Activity
Please set down, with no changes, every line of the material below from the one containing "Can You Drop Out of Unreal Fortnite?" through the end. Skip the pictures.

Available data
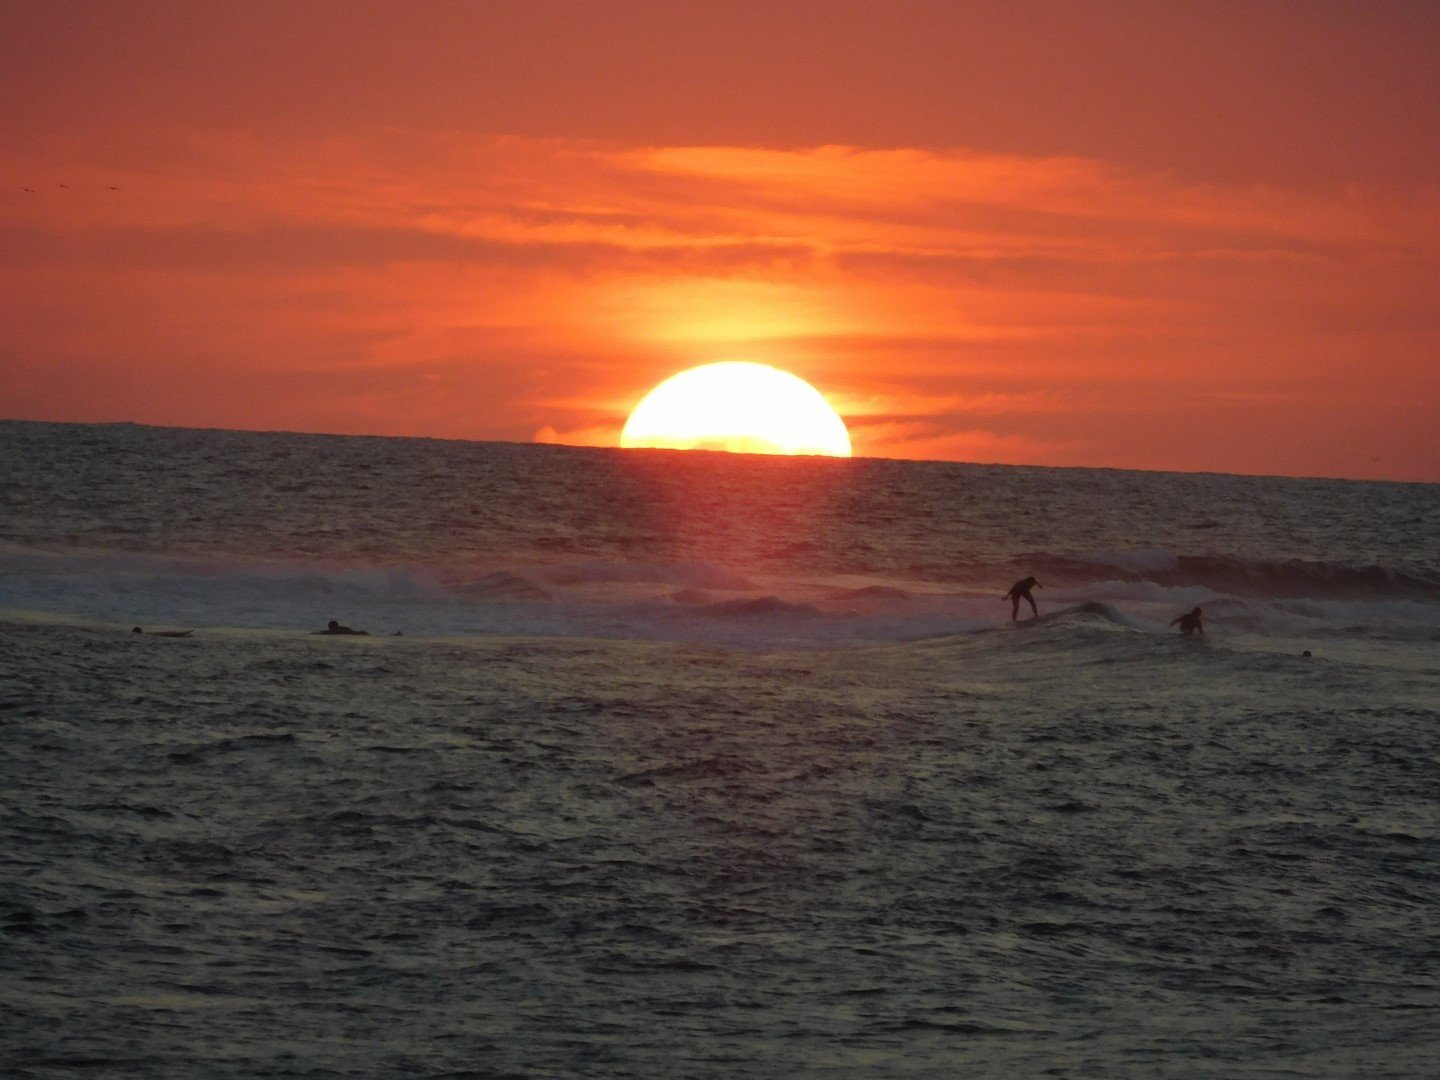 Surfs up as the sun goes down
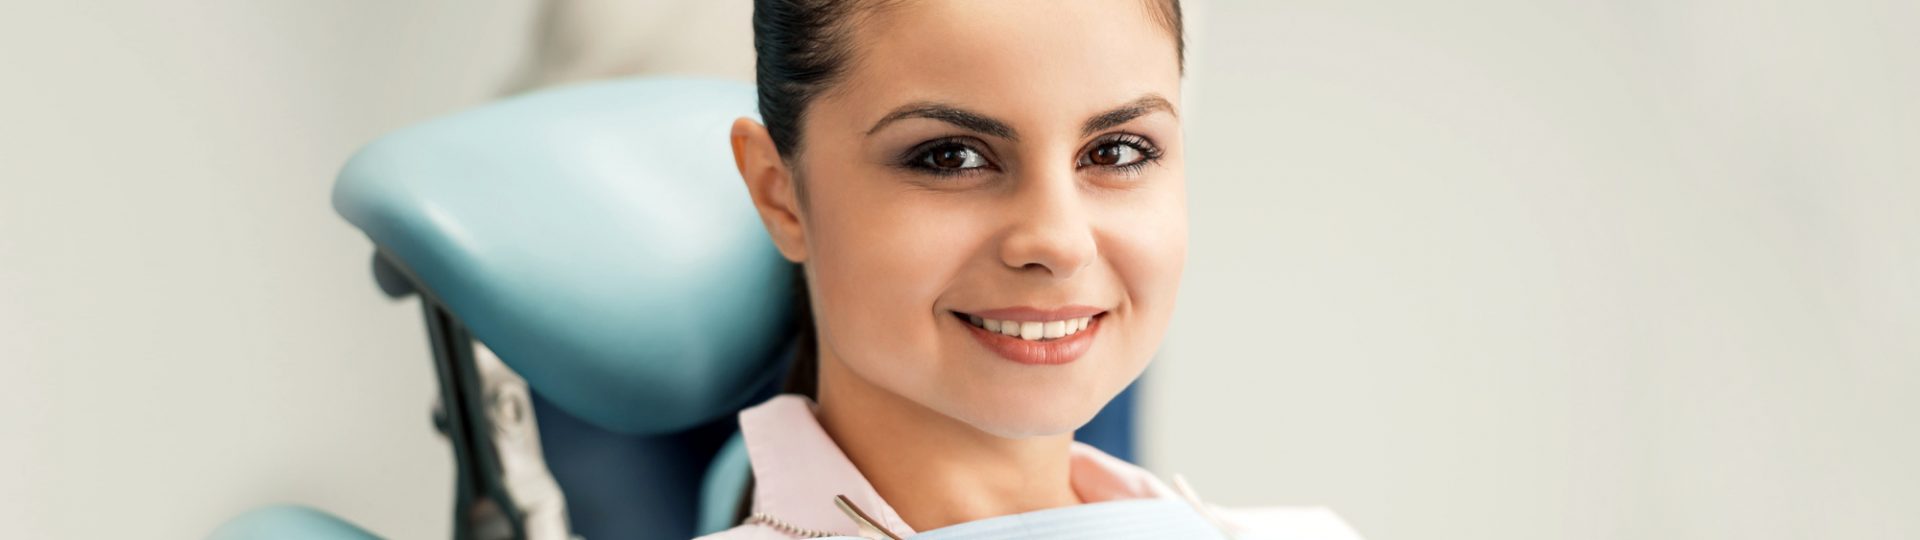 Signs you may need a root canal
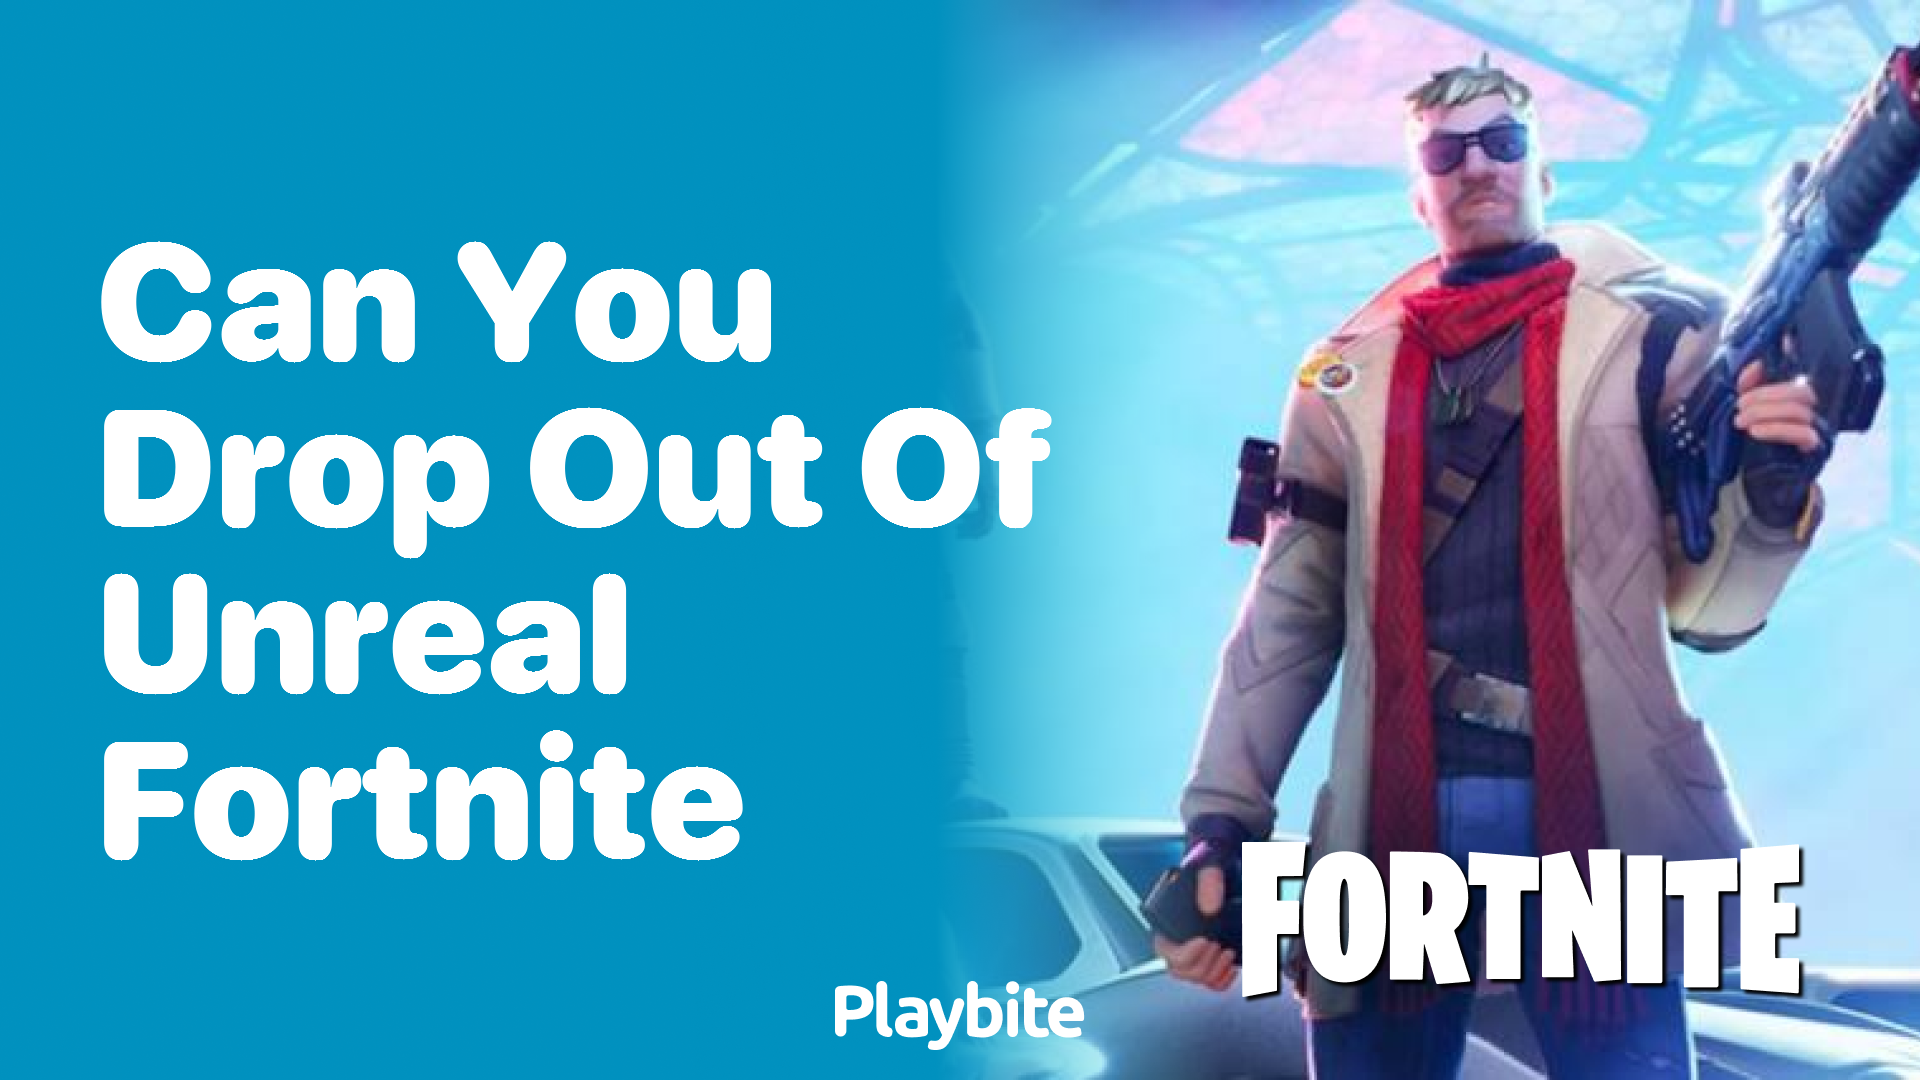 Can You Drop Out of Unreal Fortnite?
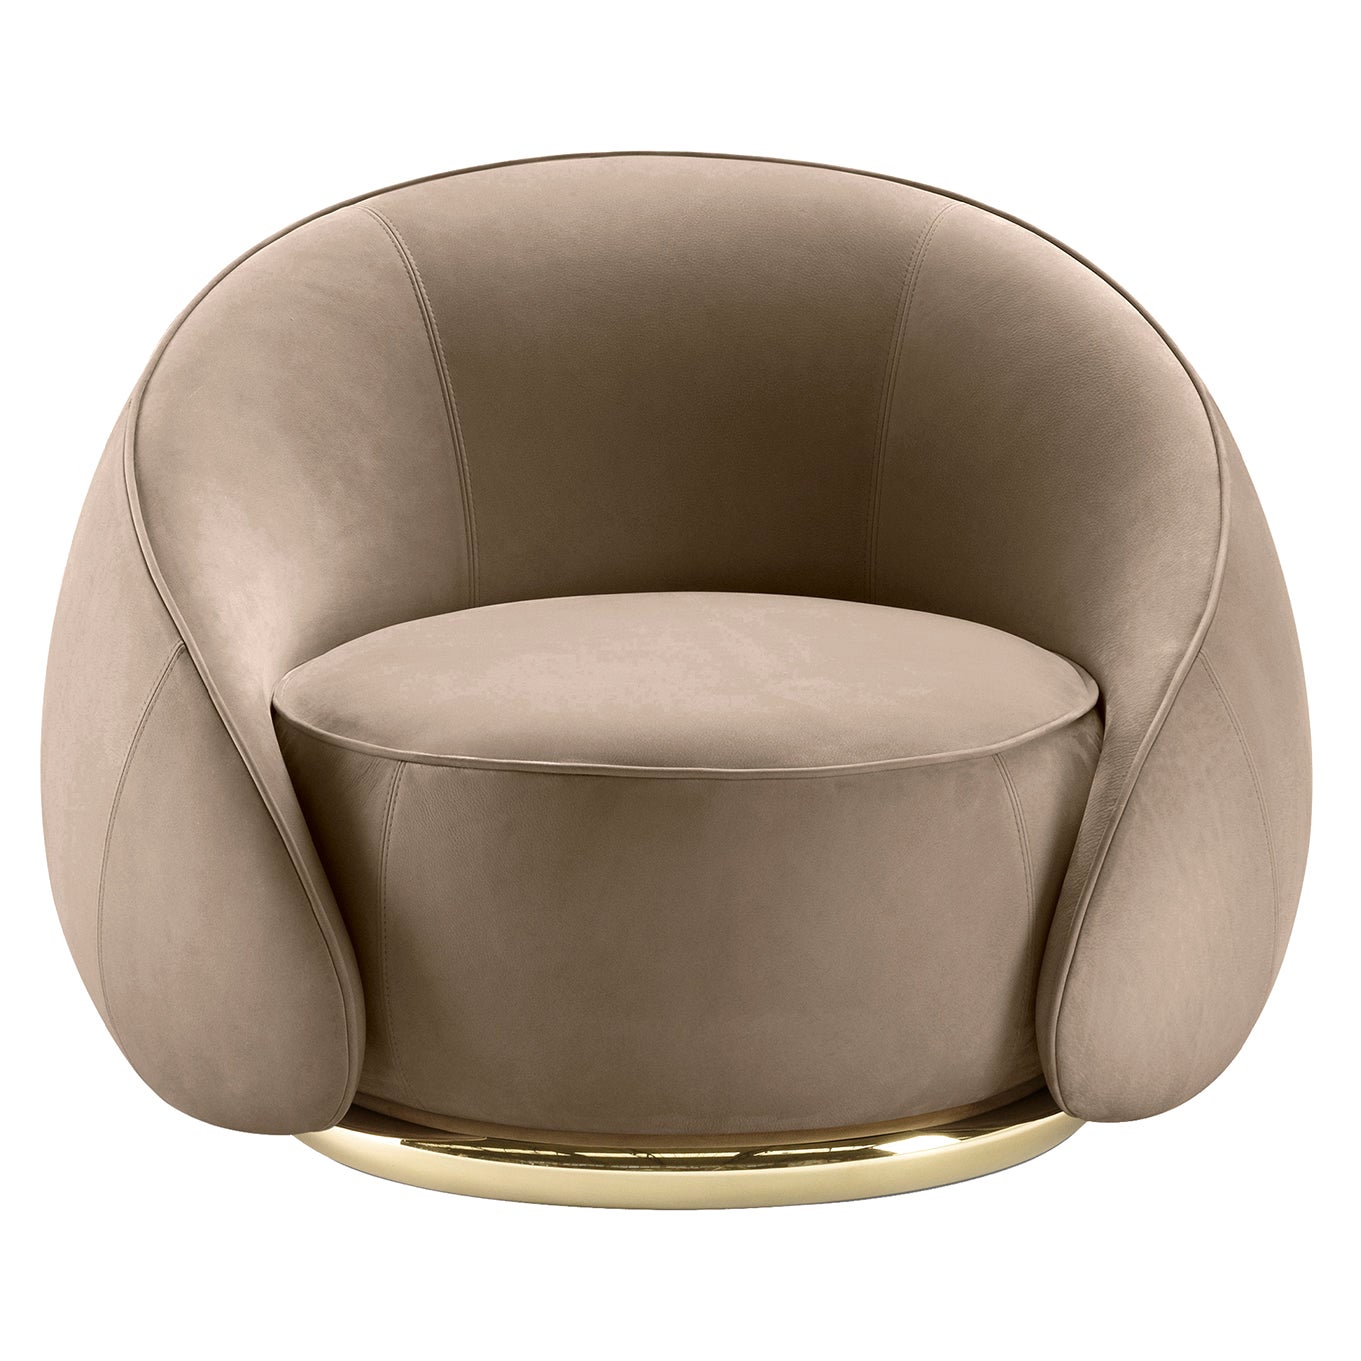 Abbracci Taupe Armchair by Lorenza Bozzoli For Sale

Answer space
 Can You Drop Out of Unreal Fortnite?
 Abbracci Taupe Armchair by Lorenza Bozzoli For Sale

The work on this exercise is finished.